You should know, before you go any further, that this story of mine is written entirely from my own perspective. It is possible, probable even, that I ought to allow someone else to write my story... but I am a person who needs, passionately, to be understood. And I trust no one apart from myself to tell my own story. However, I may exaggerate at times. I may fudge the truth a bit, even though I don't mean to. I may remember something not as it was, but only as I saw it. Now you have been warned... if you are still reading, then at least you know what to expect.
I was born on Earth, but my parents moved off-world before I was old enough to remember living on the First Planet. My earliest memories are of the inside of many different space stations and transports, most looking exactly like each other. Space design was still austere, white, and (to me) dead looking, back in the early 2100s.
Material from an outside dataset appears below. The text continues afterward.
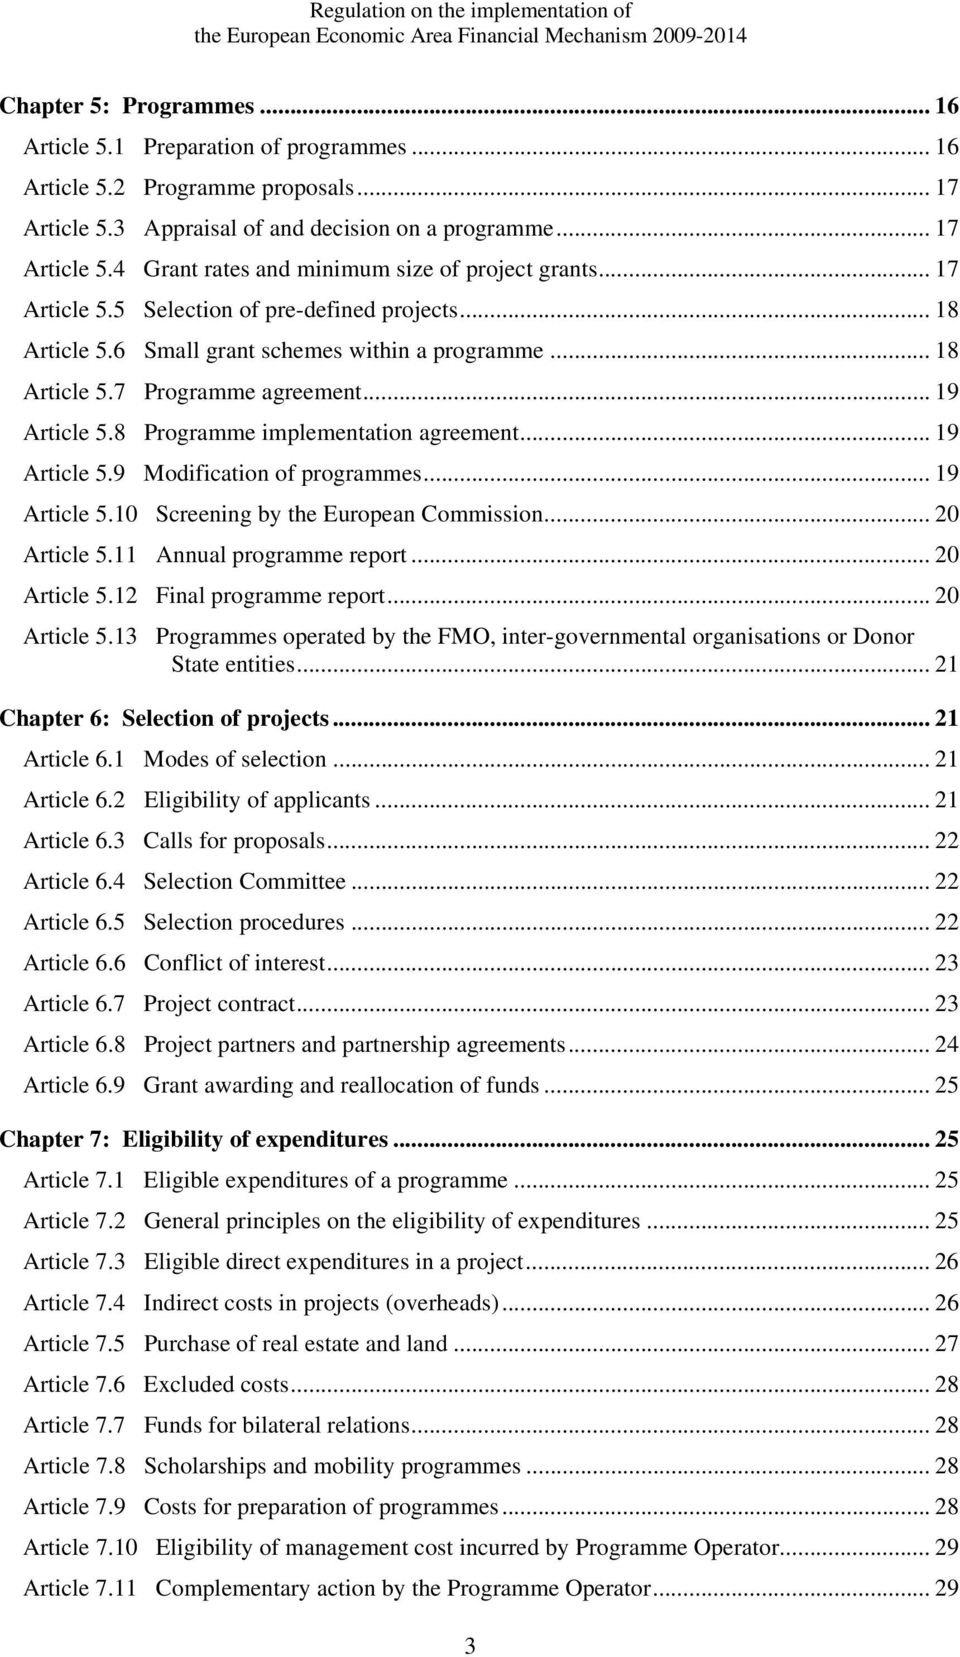 .. 19 Article 5.9 Modification of programmes... 19 Article 5.10 Screening by the European Commission... 20 Article 5.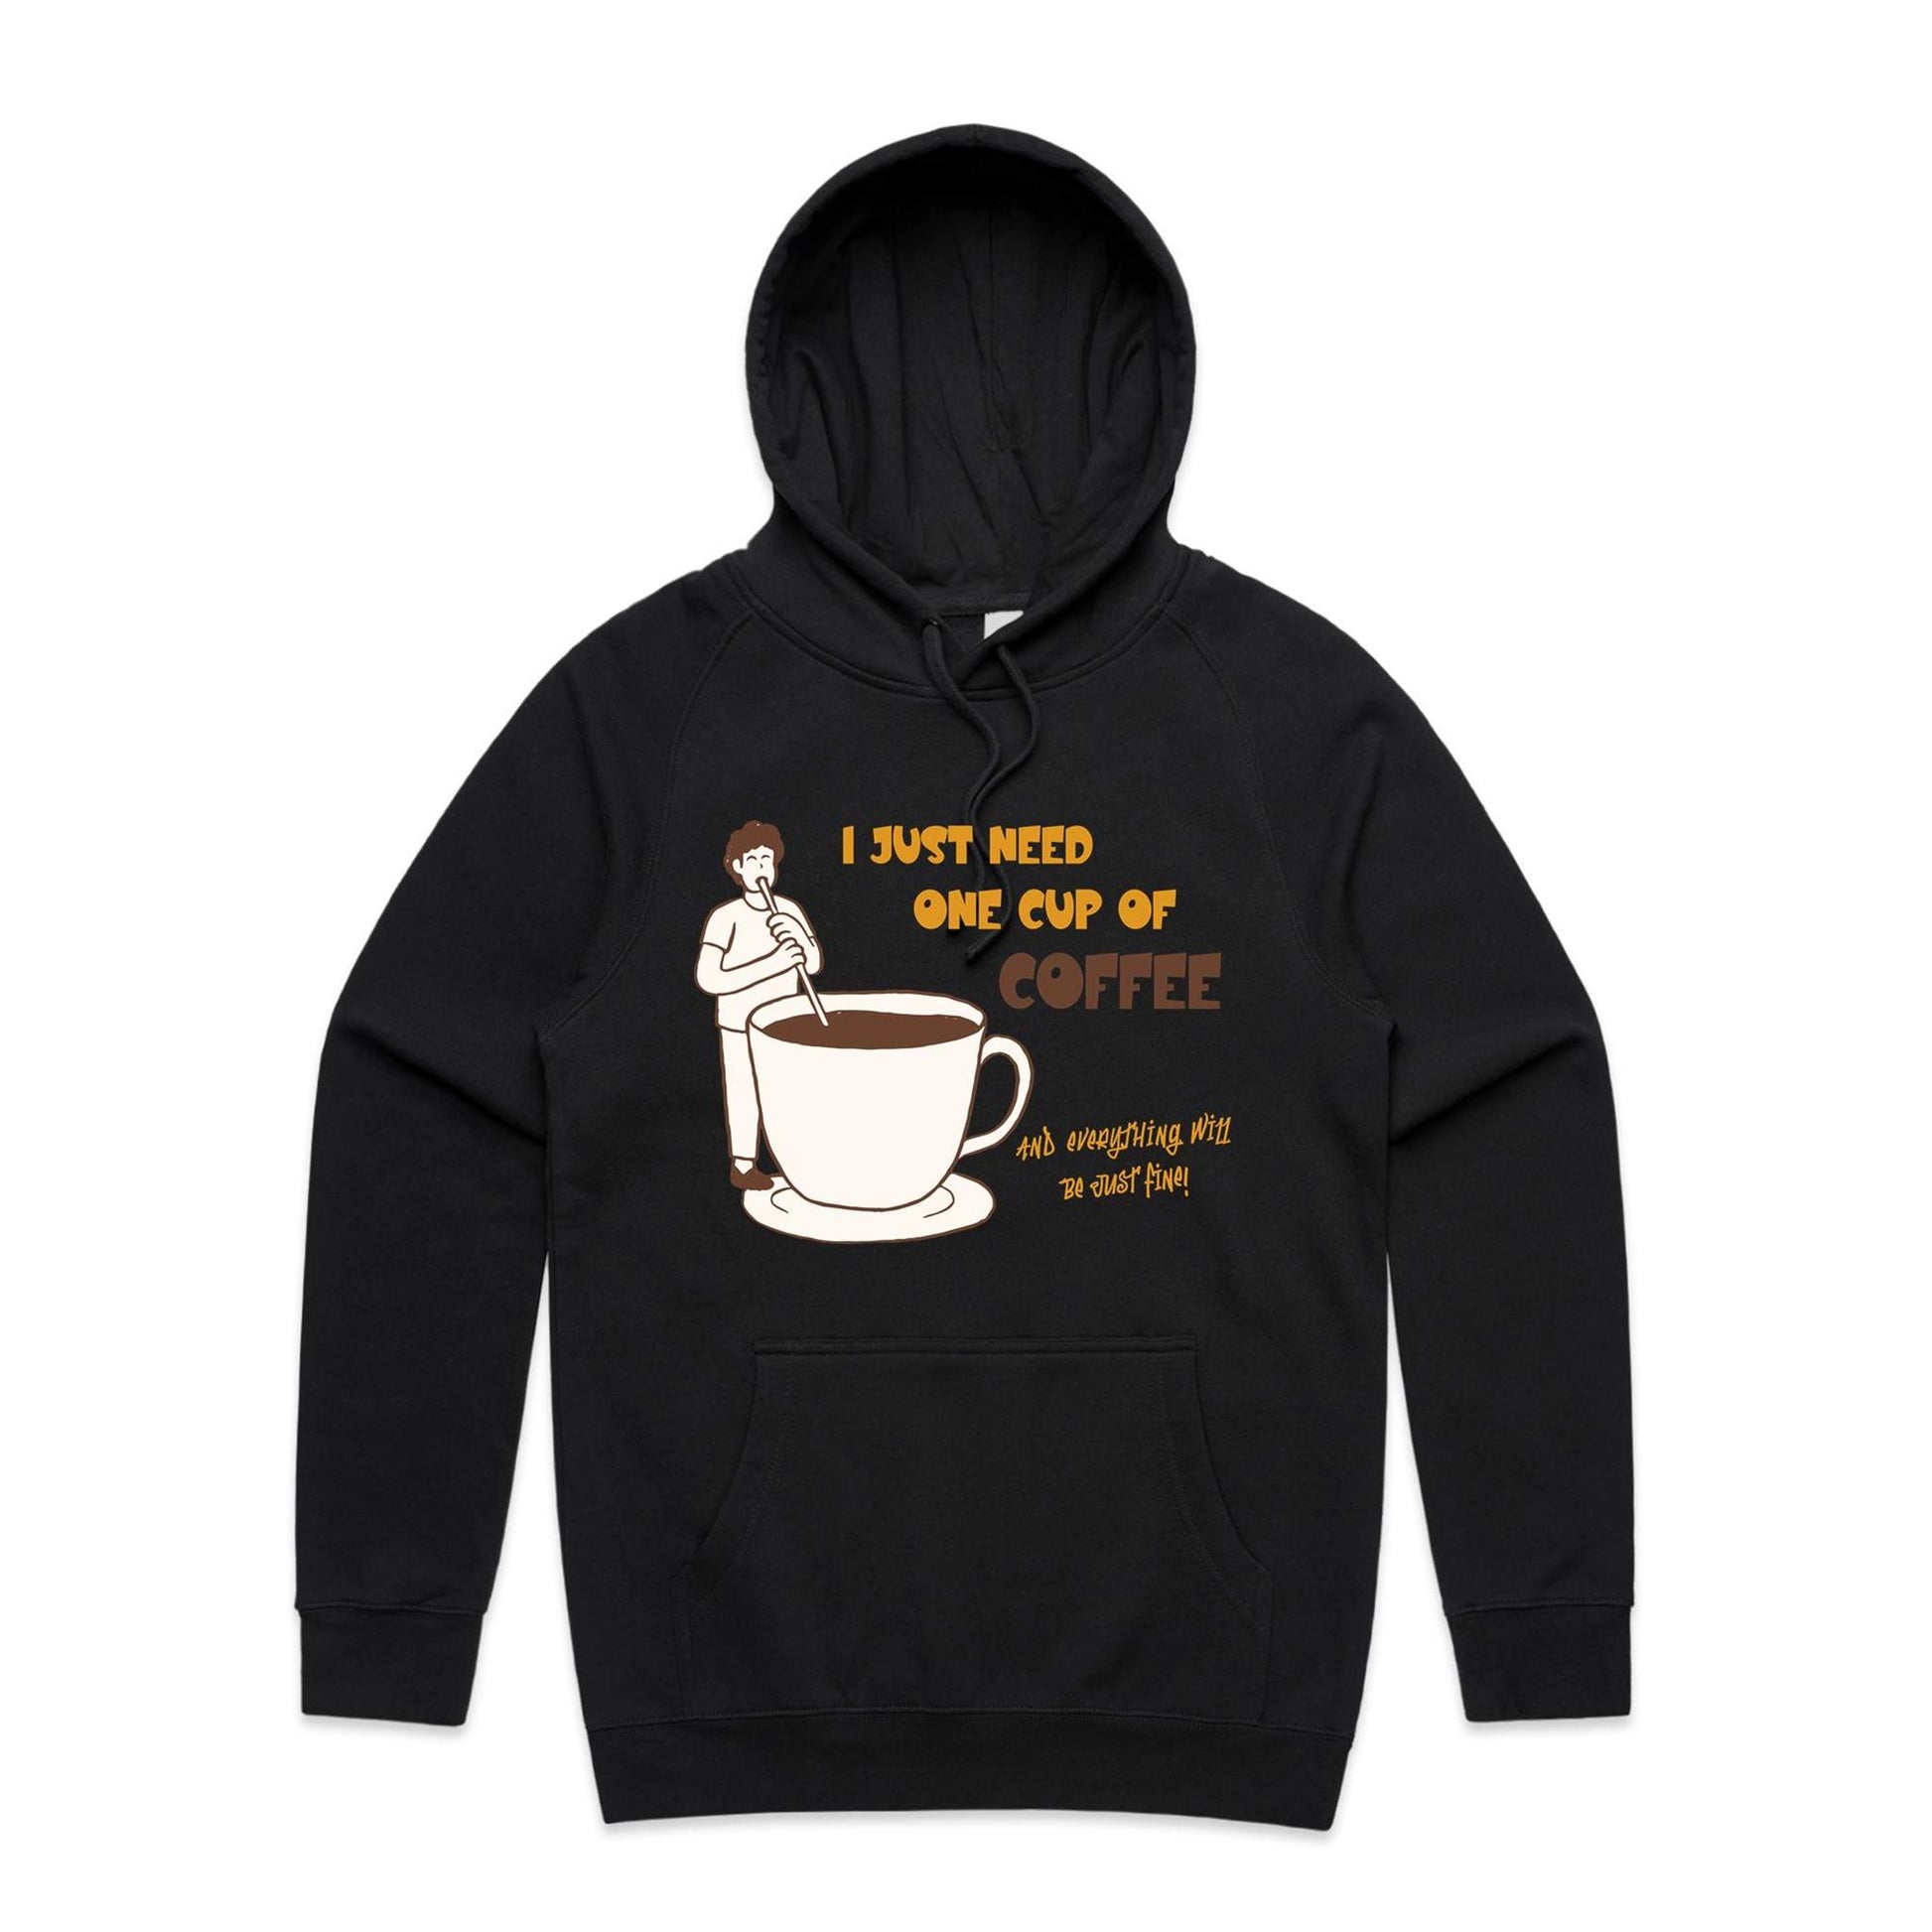 I Just Need One Cup Of Coffee And Everything Will Be Just Fine - Supply Hood Black Mens Supply Hoodie Coffee

We wandered from station to station because my parents were both trained in space tech. They had their own emphasis and niche, of course, but they could usually find work at the same time on the same transport or station. We lived mostly in provided housing - low-grade, filled with used furniture that usually didn't match - and ate cafeteria food with meal vouchers. It was the life I was used to, and most of my little friends were the children of my parents' coworkers; I was surrounded by people who were all like me, and it wasn't until I was eleven Earth years old that I had any idea at all that other people lived differently.
That year, which was (not by coincidence) the worst year of my growing-up, saw us living on a remote station at the far end of Dardanus Galaxy, almost at the edge of explored space. We were close to what was generally referred to as 'The Black' - that thing that children tease and scare each other with when they ought to be asleep at night. We were close, but not so close that anyone on that backwater station gave it much thought.